Warnings about council cash running out failed to fully consider investments
Auditors are to take a fresh look at council finances after it emerged previous gloomy assessments failed to fully consider investment income.
Audit Scotland’s Brian Howarth said the SIC’s previous projections “overrated” expenditure – and his team would seek to a “more balance” view.
Councillors have faced repeated warnings over recent years that their use of reserves was “unsustainable” and they risked running out of cash.
The Accounts Commission issued an “urgent wake-up call” last year – criticising members for their failure to address a forecast funding gap of up to £142m.
The bleak assessments were based on the council’s own medium-term financial outlook for 2022-27, which forecast a possible “worst case scenario” deficit of £158m.
However, Mr Howarth’s latest analysis found the former forecasts were overly focussed on expenditure and did not give enough consideration to investment income.
He told today’s ( Tuesday) audit committee that finance manager Paul Fraser had already asked his team to take a fresh look at the financial projections.
Such an approach,Mr Howarth said, would consider the income from investments and harbour board and how it contributed to service delivery.
“There’s more work to be done on that and I hope we can work together with Mr Fraser to get a clearer picture than has been painted in the past,” he said.
Mr Howarth’s comments were made following questions from Shetland Central member Ian Scott, who has raised frequent doubts about the validity of previous assessments -often clashing with fellow councillors and officials in chamber debates.

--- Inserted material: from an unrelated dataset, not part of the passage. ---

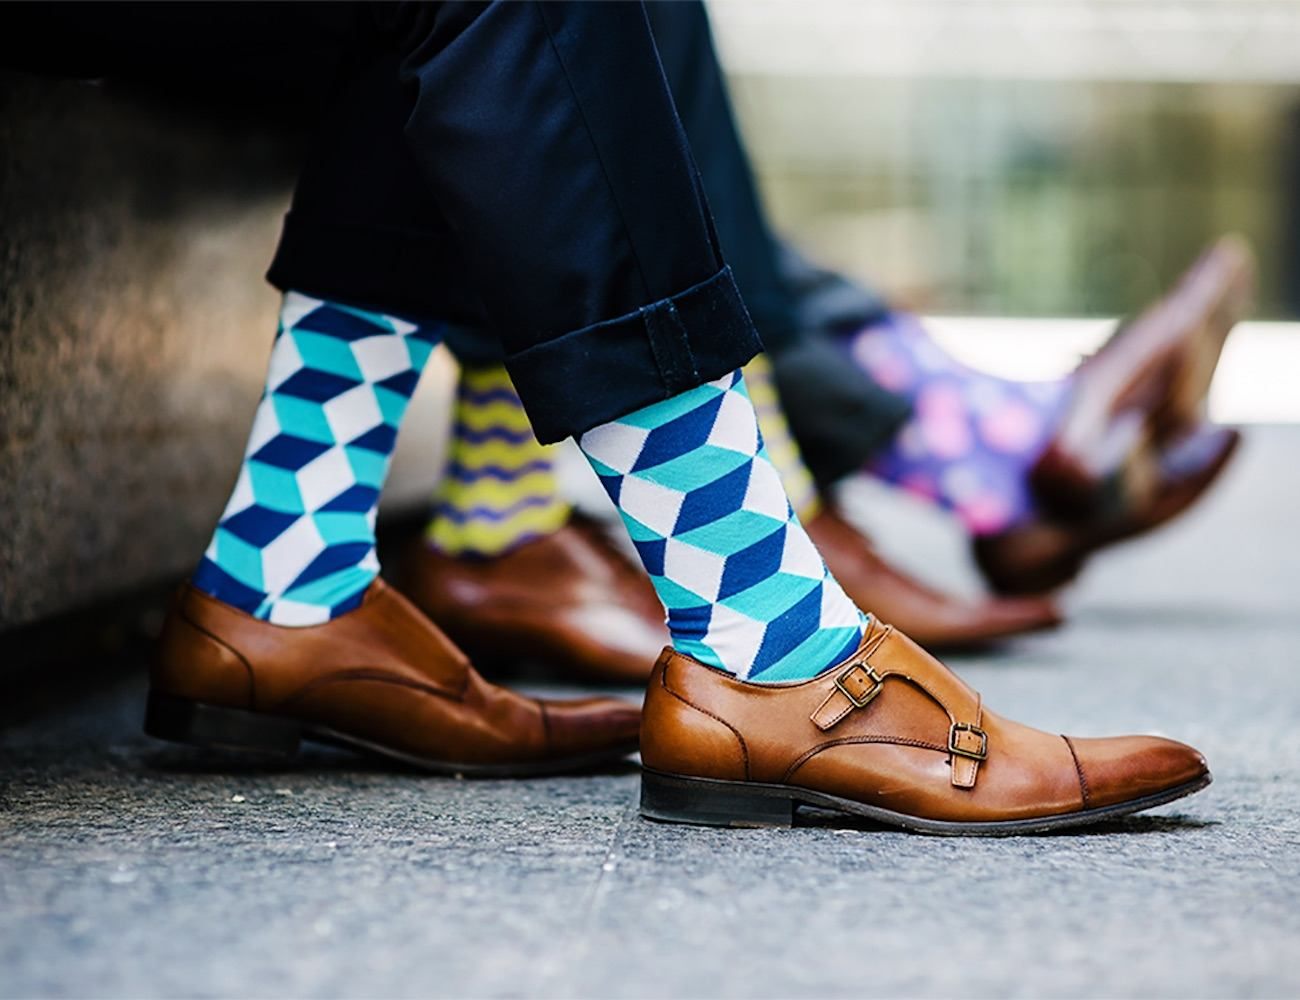 Flyte Socks – Ridiculously Bright, Bold & Comfortable Socks

Mr Scott said previous auditors over the years had told members “we are running short of money” and asked Mr Howarth if that was the “complete picture”.
He said the former assessments only considered “one side of the ledger – the debit side”.

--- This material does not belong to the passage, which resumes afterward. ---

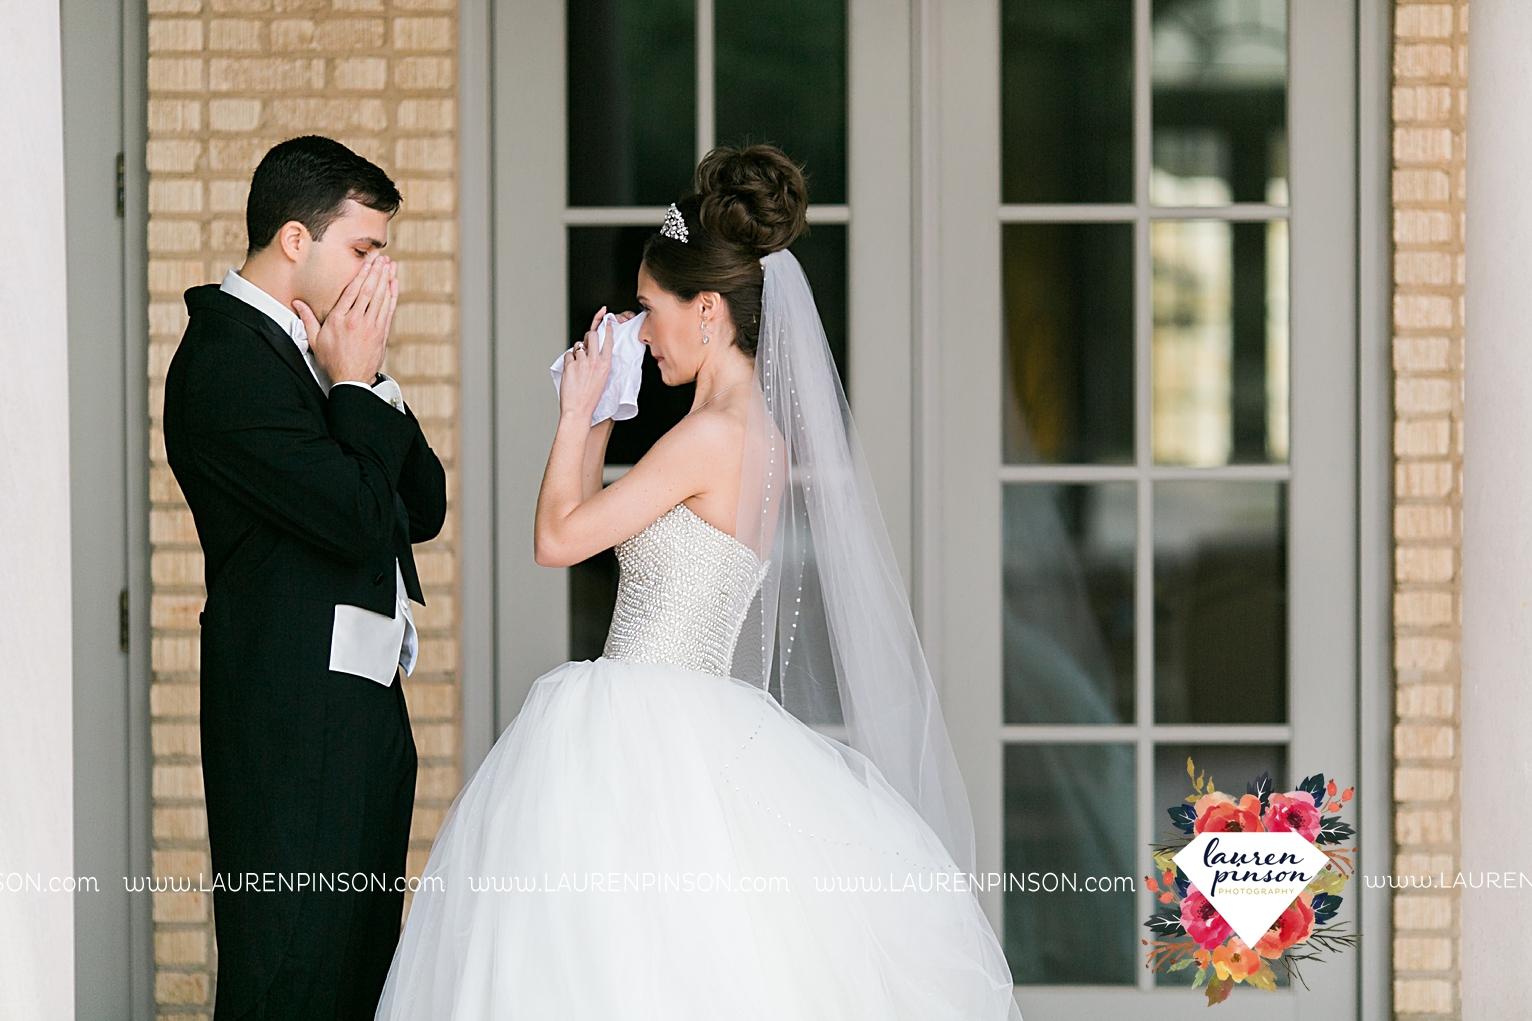 wichita-falls-texas-wedding-photographer-the-forum-by-the-kemp-mayfield-events-ulta-gold-glitter_2826.jpg

Mr Scott questioned such an approach, given that the council has only experienced one year “since the great crash of 2008” when its reserves had not increased.
He noted that in some years the reserves had increased by almost £100m.
Mr Scott suggested Mr Howarth had taken a “slightly more progressive view ” of the investments.
While less pessimistic than previous auditors, Mr Howarth did note that last year was the first in recent history when the useable reserves had decreased.
He said a decline in investment returns had played a significant role in that.
Other key findings in the audit focussed on a £10m underspend on capital projects.
Mr Howarth said a review was under way to investigate whether the council’s capital planning was “overly optimistic”
He noted a £2m underspent had largely been driven unfilled vacancies.
Like many other councils, Mr Howarth acknowledged “significant budget gaps” in the years ahead.
Committee chairman Allison Duncan said the overall report was “favourable” and welcomed the progress made on implementing last year’s recommendations.
“In this financial year the council finances are reasonably sound,” he said.
“For the next five years, the outlook doesn’t look promising, as we face unchartered waters.”
The Shetland South member noted various challenges ahead, including inflation, the possibility of a National Care Service, reduced Scottish government funding, a council tax freeze and uncertainty over funding for ferry services.
“Despite these forthcoming challenges and others this council remains financially sound and to remain sustainable we must not commit to overdraw on our reserves so that we are well placed to serve the Shetland community into the future,” he said.
“From a members’ perspective, over the same period, there are going to be difficult decisions to make which will not always be popular with the communities that we serve.”